◆ Data for the task ◆
━━━━━━

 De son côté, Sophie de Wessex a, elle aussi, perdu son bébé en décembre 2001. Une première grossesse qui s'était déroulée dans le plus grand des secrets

━━━━━━

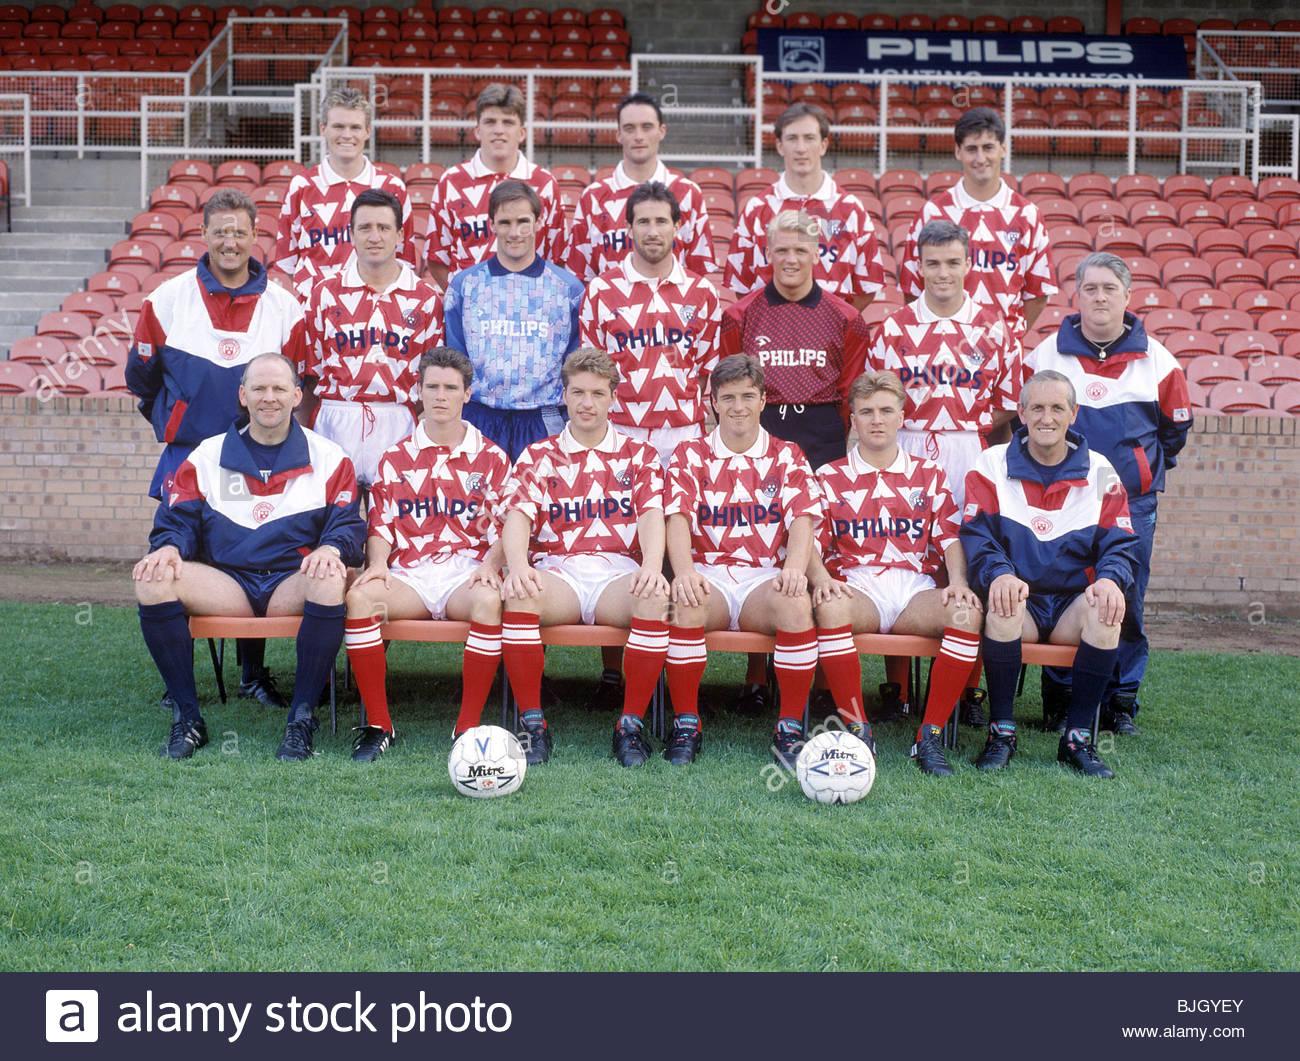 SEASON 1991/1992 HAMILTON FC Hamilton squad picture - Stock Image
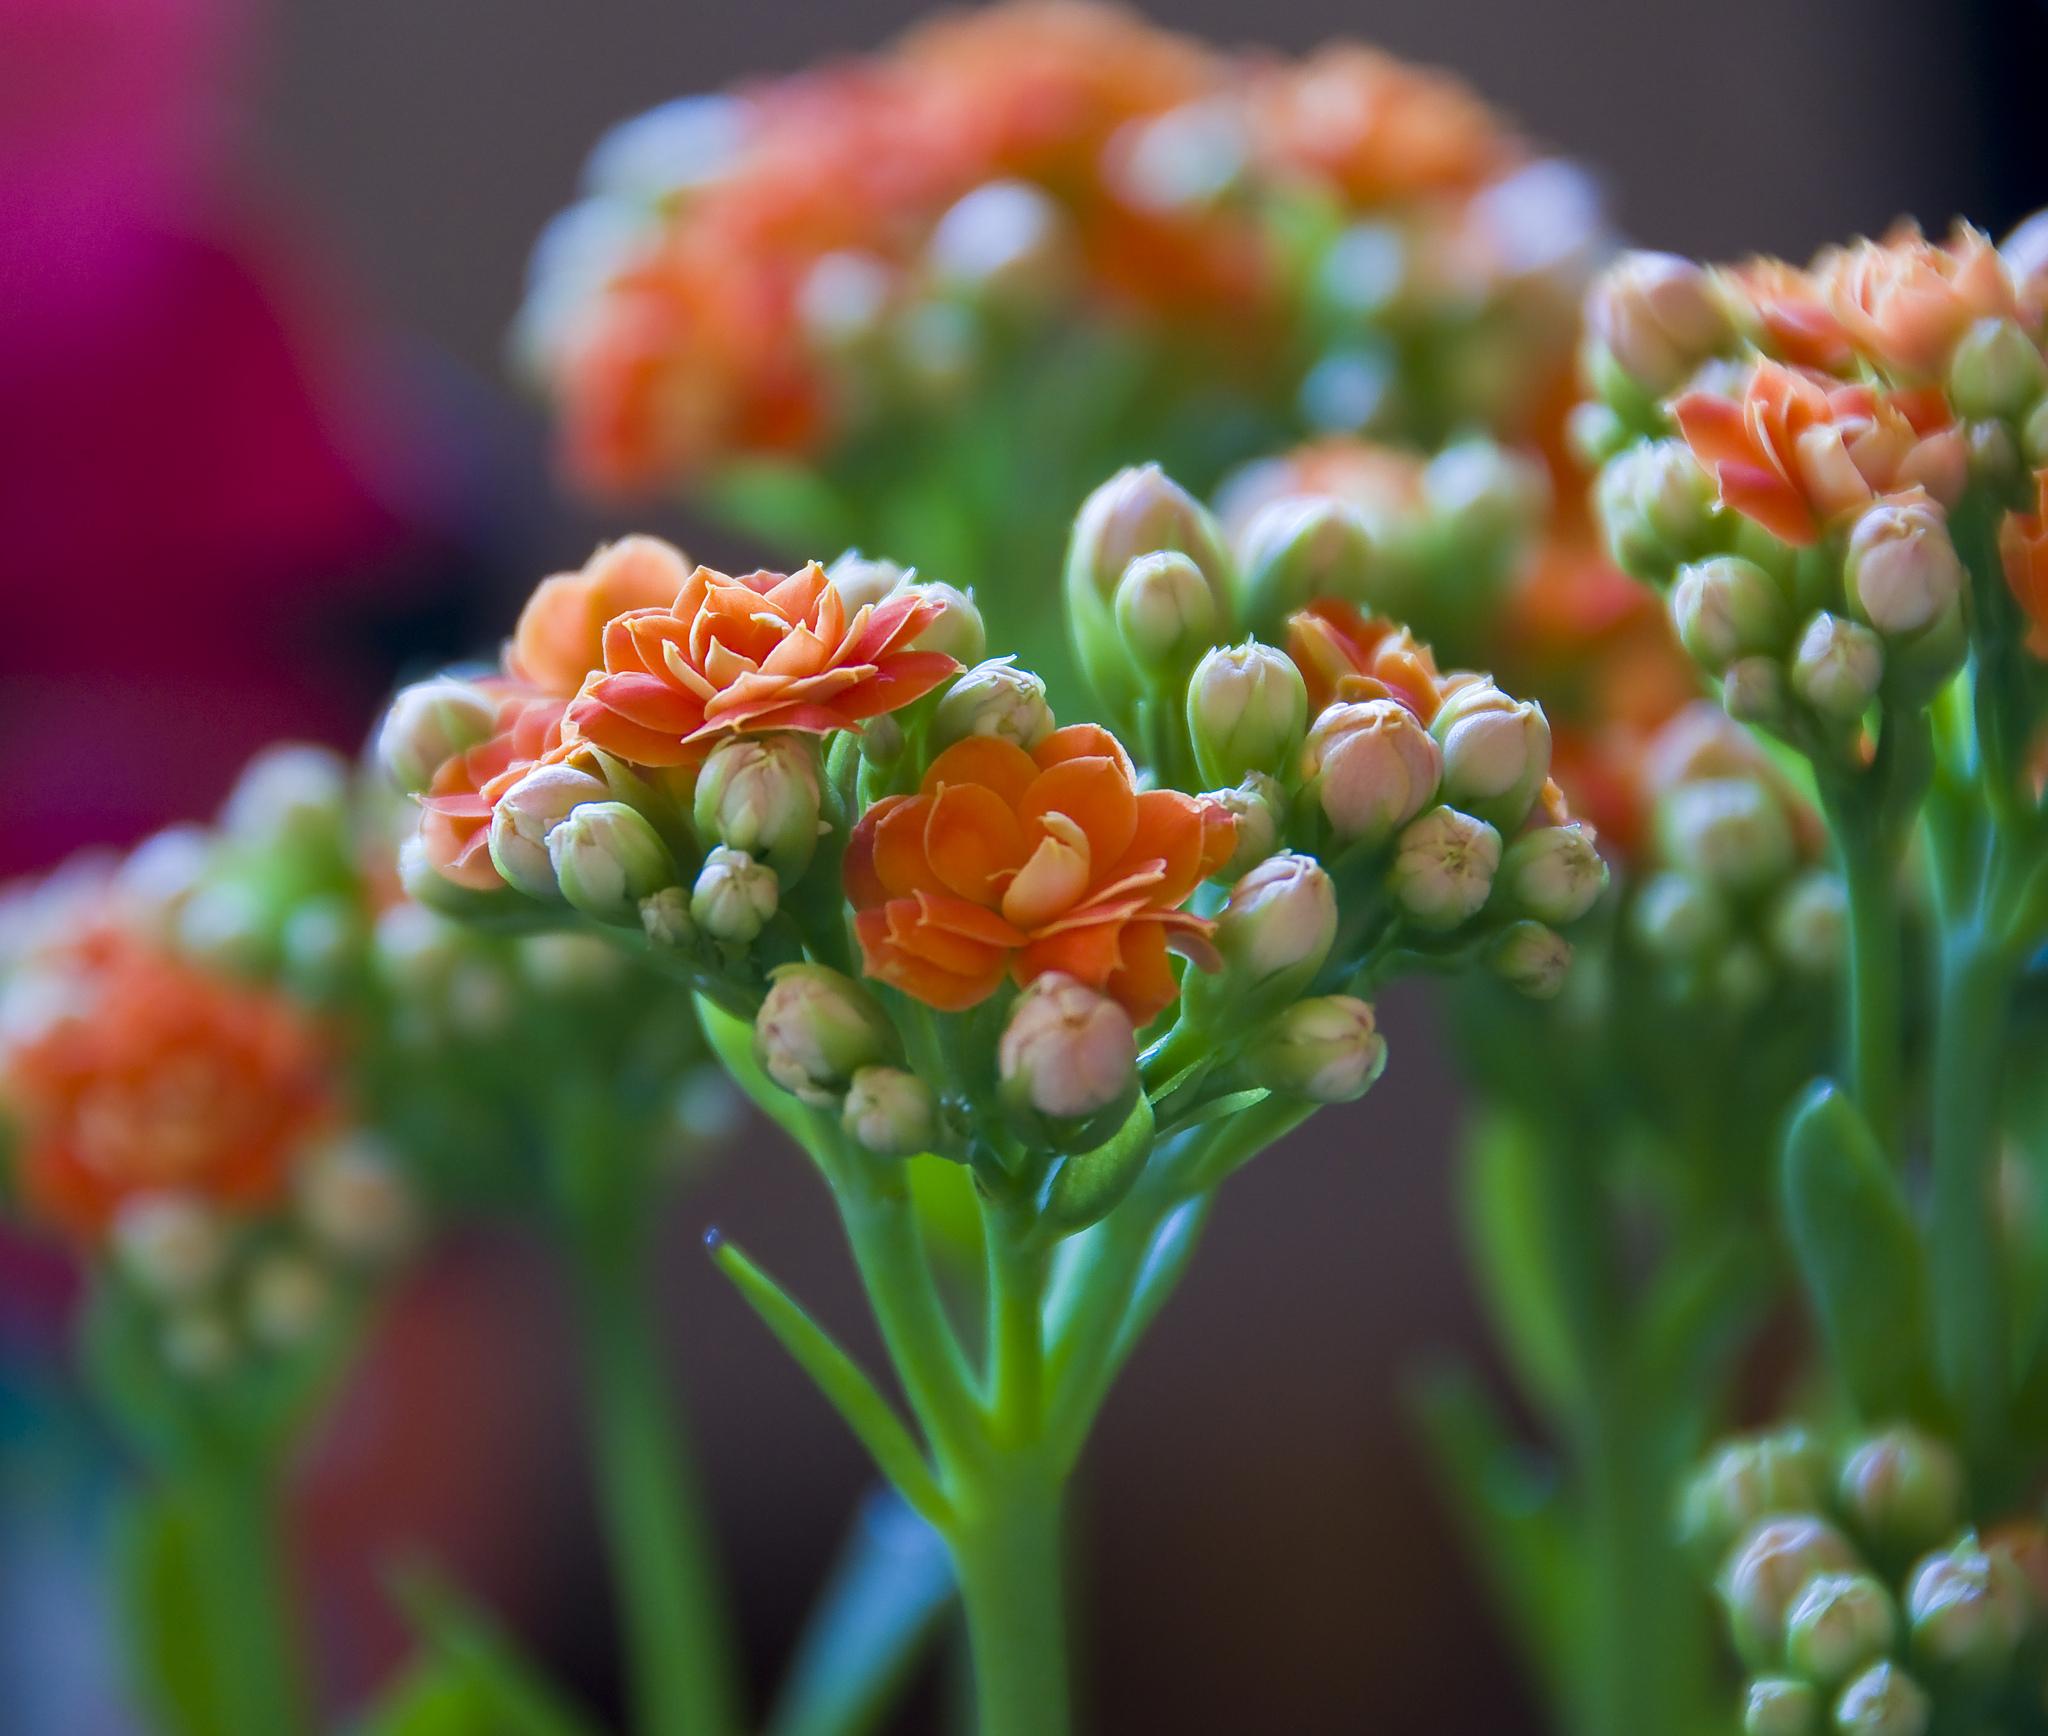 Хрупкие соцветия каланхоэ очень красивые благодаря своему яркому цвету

━━━━━━

◆ Directions ◆
Your copy should hold only the lines above from the one containing "SEASON 1991/1992 HAMILTON" through the one containing "Хрупкие соцветия каланхоэ", exactly as written and free of pictures.

◆ Result of this task ◆
 SEASON 1991/1992 HAMILTON FC Hamilton squad picture - Stock Image
 Хрупкие соцветия каланхоэ очень красивые благодаря своему яркому цвету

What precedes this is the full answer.